Он хмыкнул, кивнув в сторону Якова, демонстративно стоявшего с самострелом на изготовку на другом берегу Пивени и мало озабоченного тем, что на его белой накидке расползалось алое пятно крови.
— Чего пялишься на него, как девка на хрен? Вокруг смотри, остальных ищи: они десятками бьются. Вы что, не знали? Значит, совсем убогие! И не мажут. С этого шапку сняли, а могли голову — свистел бы сейчас ещё одной дыркой. А вы сразу стрелами кидаться… Куда попали, ещё не разобрались? У нас оружие поднял — стало быть, до смерти. И вы первые подняли — не они…
— Какого тут?.. Мать… Едрит тебя… — от ворот к ним уже спешили ратники и Лавр с Кузькой и Дёмкой. — Ну ни хрена себе! Фаддей?! — два окровавленных тела Алексеевых вояк произвели на прибывших впечатление.
— А чего сразу Фаддей? — вернул вопрос Чума, вкладывая меч в ножны. — Они по Михайловым отрокам стрелять начали, — пояснил он, — вот те и отдарились. Пусть теперь сами убирают, чего насрали… И вообще, Лавруха, бери их коней — этим они уже без надобности. Поехали, парней проводим, а здесь и без нас разберутся.
Высыпавшие из ворот ратники рассматривали убитых воев, оглядывались на отроков без особого возмущения, но и выражать свое одобрение не спешили. Оставшиеся в живых Алексеевы дружинники сбились в кучку и мрачно препирались друг с другом, не решаясь переходить к активным действиям.
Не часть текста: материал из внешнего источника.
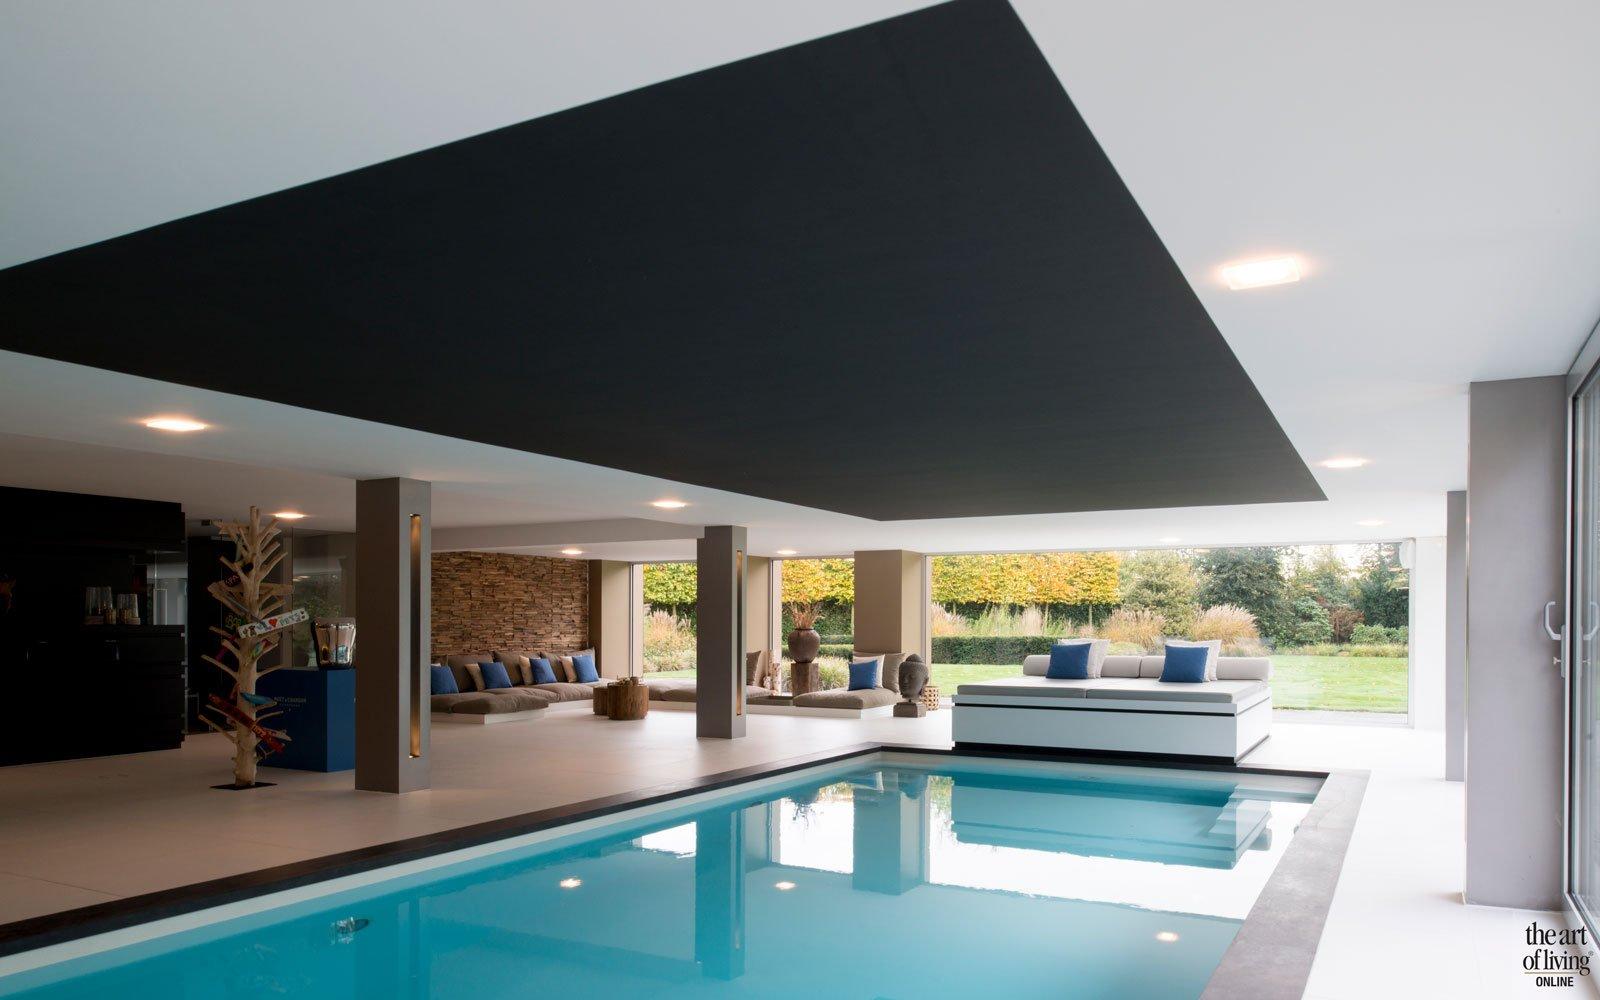 Verbouwing moderne villa, VVR Architecten, the art of living, zwembade, zwembad, pool, swimming pool, design, exclusief zwermbad, exclusieve zwembaden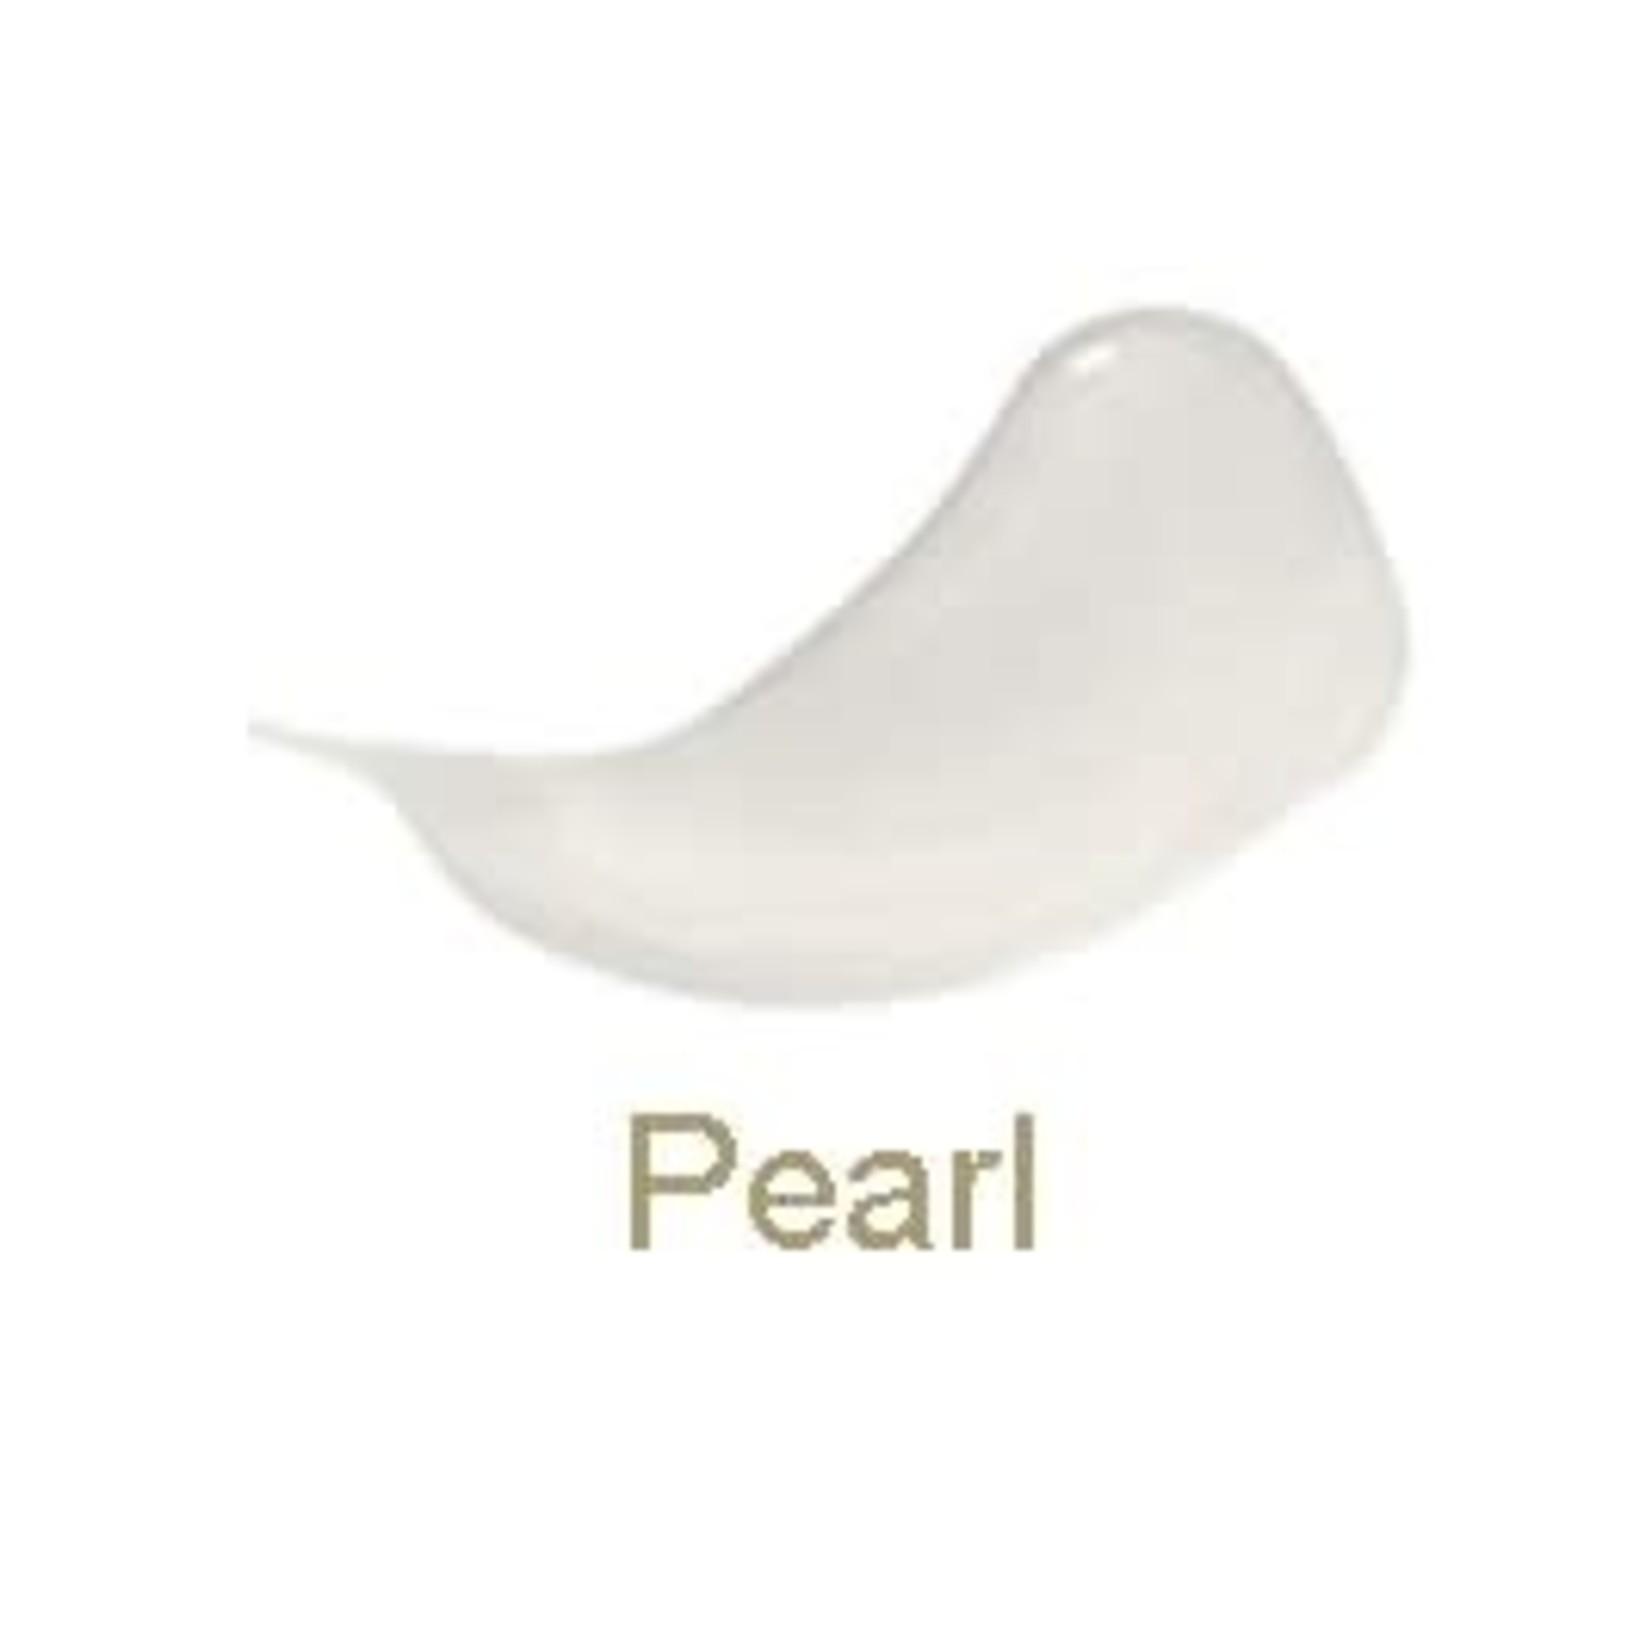 SeneGence Lipsense Pearl Gloss

Фаддей и Лавр, подхватив поводья коней убитых лучников, заслонили собой мальчишек и аккуратно вытолкали их в сторону переправы…
Слушавший вместе с Мишкой доклад о подвигах разведчиков Филимон мрачно оглядел отроков, тяжело поднялся и кивнул Мишке.
— Вели запрячь сани, сотник. Сопровождения не надо. Один поеду.
Часть вторая
Глава 1
На следующее утро из леса по уже хорошо проторенному пути выехали сани в сопровождении двух конных ратников. Опознав прибывших, пока они перебирались по льду, Мишка, вышедший встречать гостей, едва не полез чесать затылок от удивления.
То, что из Ратного кто-то непременно явится на переговоры, он ожидал, и сам факт приезда парламентёров являлся вроде бы хорошим знáком. Но вот состав переговорщиков озадачил Ратникова не на шутку. Нет, Егор и ратник его десятка Петр, благополучно оклемавшийся от ранения, а также сидевший в санях новый священник отец Меркурий вписывались в предполагаемую картину просто идеально.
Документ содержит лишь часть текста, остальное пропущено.